Basket Makers HouseHistoric Richmond Town was the first area on Staten Island to be used for a civic and county government center, being that it is right in the middle of Staten Island. It had its own courthouse, clerk’s office, stores, churches, hotel, residences, and more. Once Staten Island became a part of the City of New York in 1898, it’s civic and county center had moved to the North Shore of the borough, in St. George, to be closer to Manhattan. The courthouse, clerk’s office, and other county offices had been moved to St. George, since it was no longer a county-run government and it turned into a city-run government.

Historic Richmondtown is the place to go see Staten Island’s past come alive. Being dually operated by the Staten Island Historical Society and the New York City Department of Parks and Recreation, the two have made this place what it is today.

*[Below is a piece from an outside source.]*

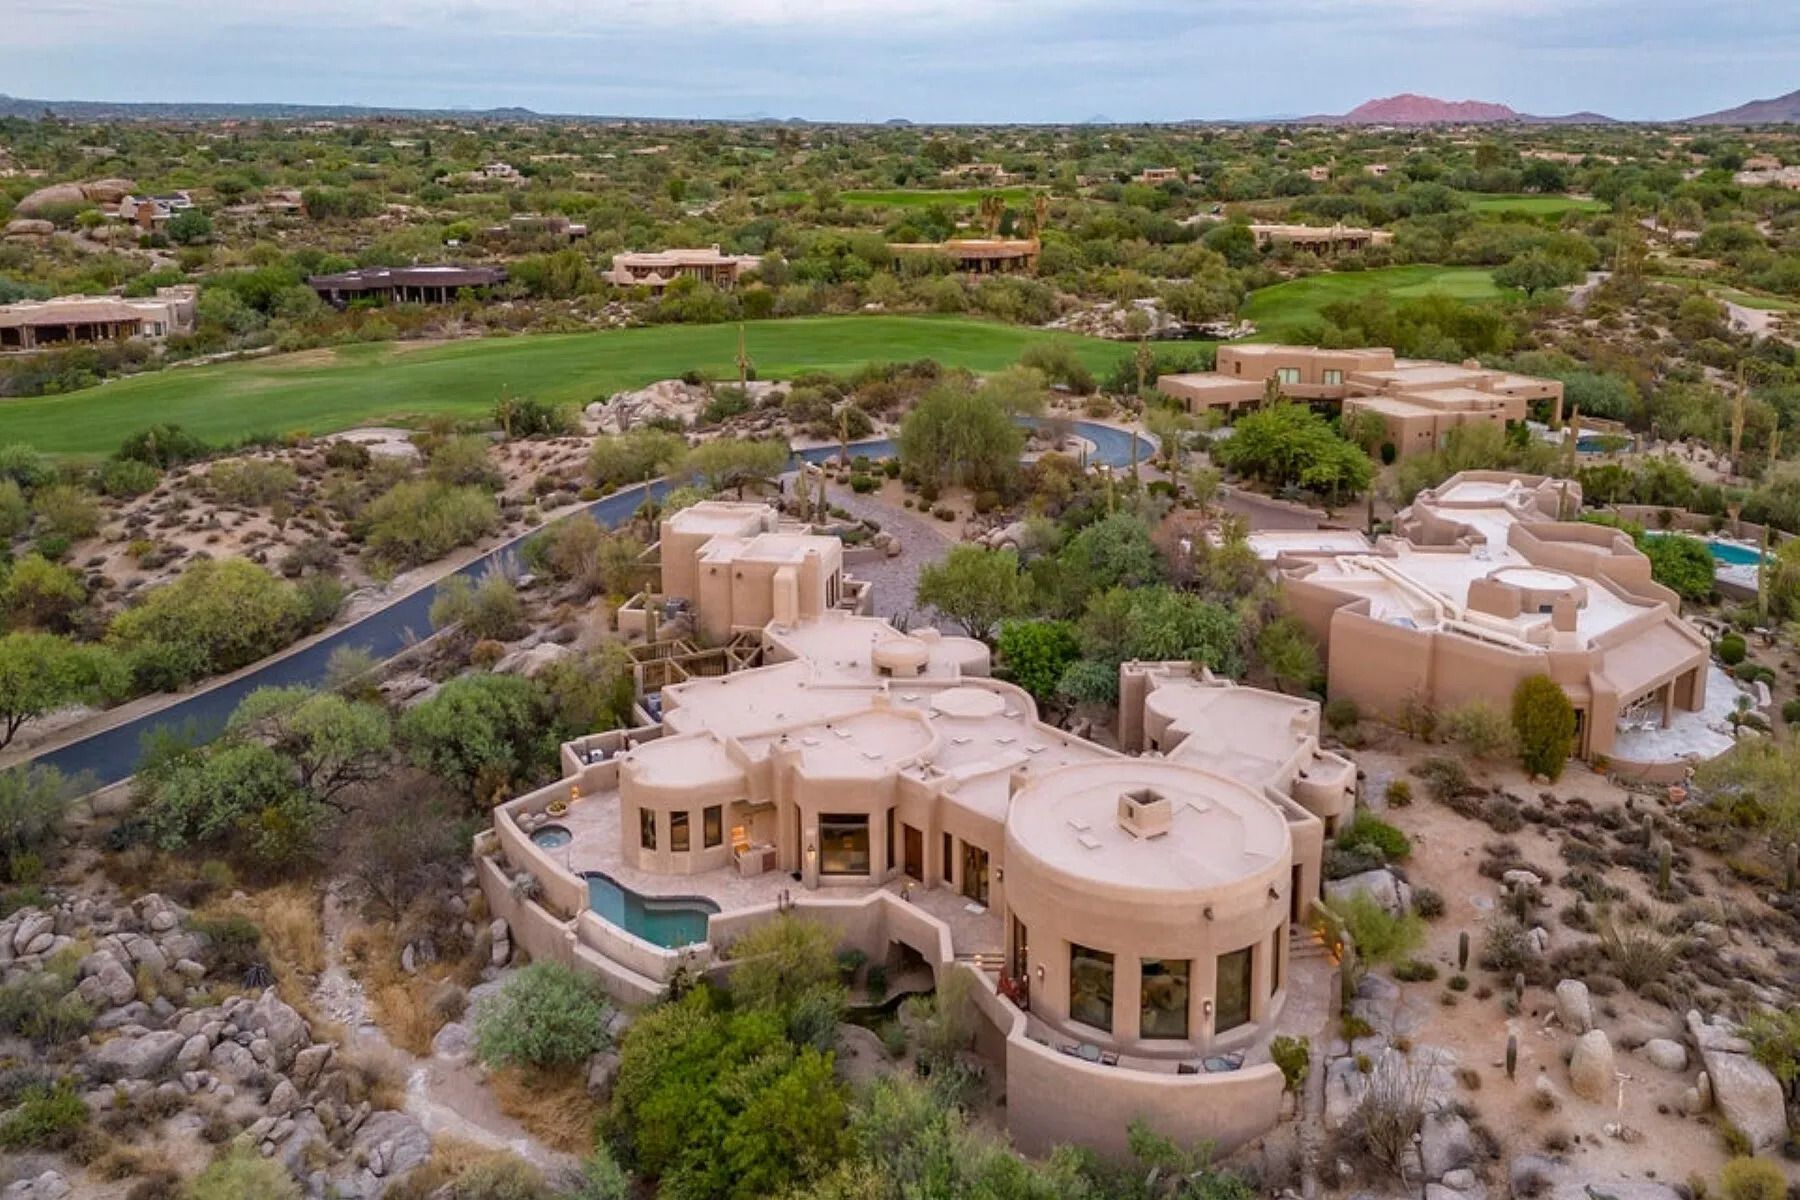 Будинок у пустелі - продають житло в глинобитному стилі серед дикої природи - Нерухомість

The town is made up of older, historically significant homes, stores, shops, a historical museum, and more. Not only have they preserved and restored homes and buildings that were originally built here, they have also moved historically significant buildings from their original sites to where they currently sit, in Historic Richmond Town.

One of the buildings that you can find here is the Basket Maker’s House. The Basket Maker’s House is located off of Richmond Road, next to the Kruser-Finlay House and behind the Britton Cottage. This is one of the homes that had been moved from its original location to Historic Richmond Town.

The Basket Maker’s House was built around 1810 and 1820 for the Morgan family. It was originally built in a marshy area where there would be men collecting oysters who would need the baskets that were made by the family. This original location was in what is known today as the Fresh Kills Landfill, or more recently, Freshkills Park. It wasn’t until the late 1900s when the Basket Maker’s House was finally moved to its present-day location in Historic Richmond Town.

There were not many people who made baskets for a living back in the late 1700s and early 1800s, but the Morgan family was of that minority. Most of the men who were oystermen built their own baskets, but there were the few who didn’t make them and got them from the full-time basket makers instead. Not only did the oystermen need baskets, but they made baskets that were made for berries, storage, and transportation.

The Basket Maker’s House was built as a one-and-a-half story frame Dutch country cottage. It not only had the one-and-a-half stories, but it included a cellar kitchen, where the baskets were also made. The building was constructed with a clapboard and shingle front finish, and it has spring eaves extending over the veranda.

The Basket Maker’s House became a New York City Landmark in August of 1969. It is a historically significant part of the past and was moved to Historic Richmond Town to show people how the baskets were made in the early 1800s. Today, they have restored the home and added furniture from that time period to it, along with basket making tools and supplies that you would normally see back in that time, bringing it back to its element, when it was a home and shop all in one.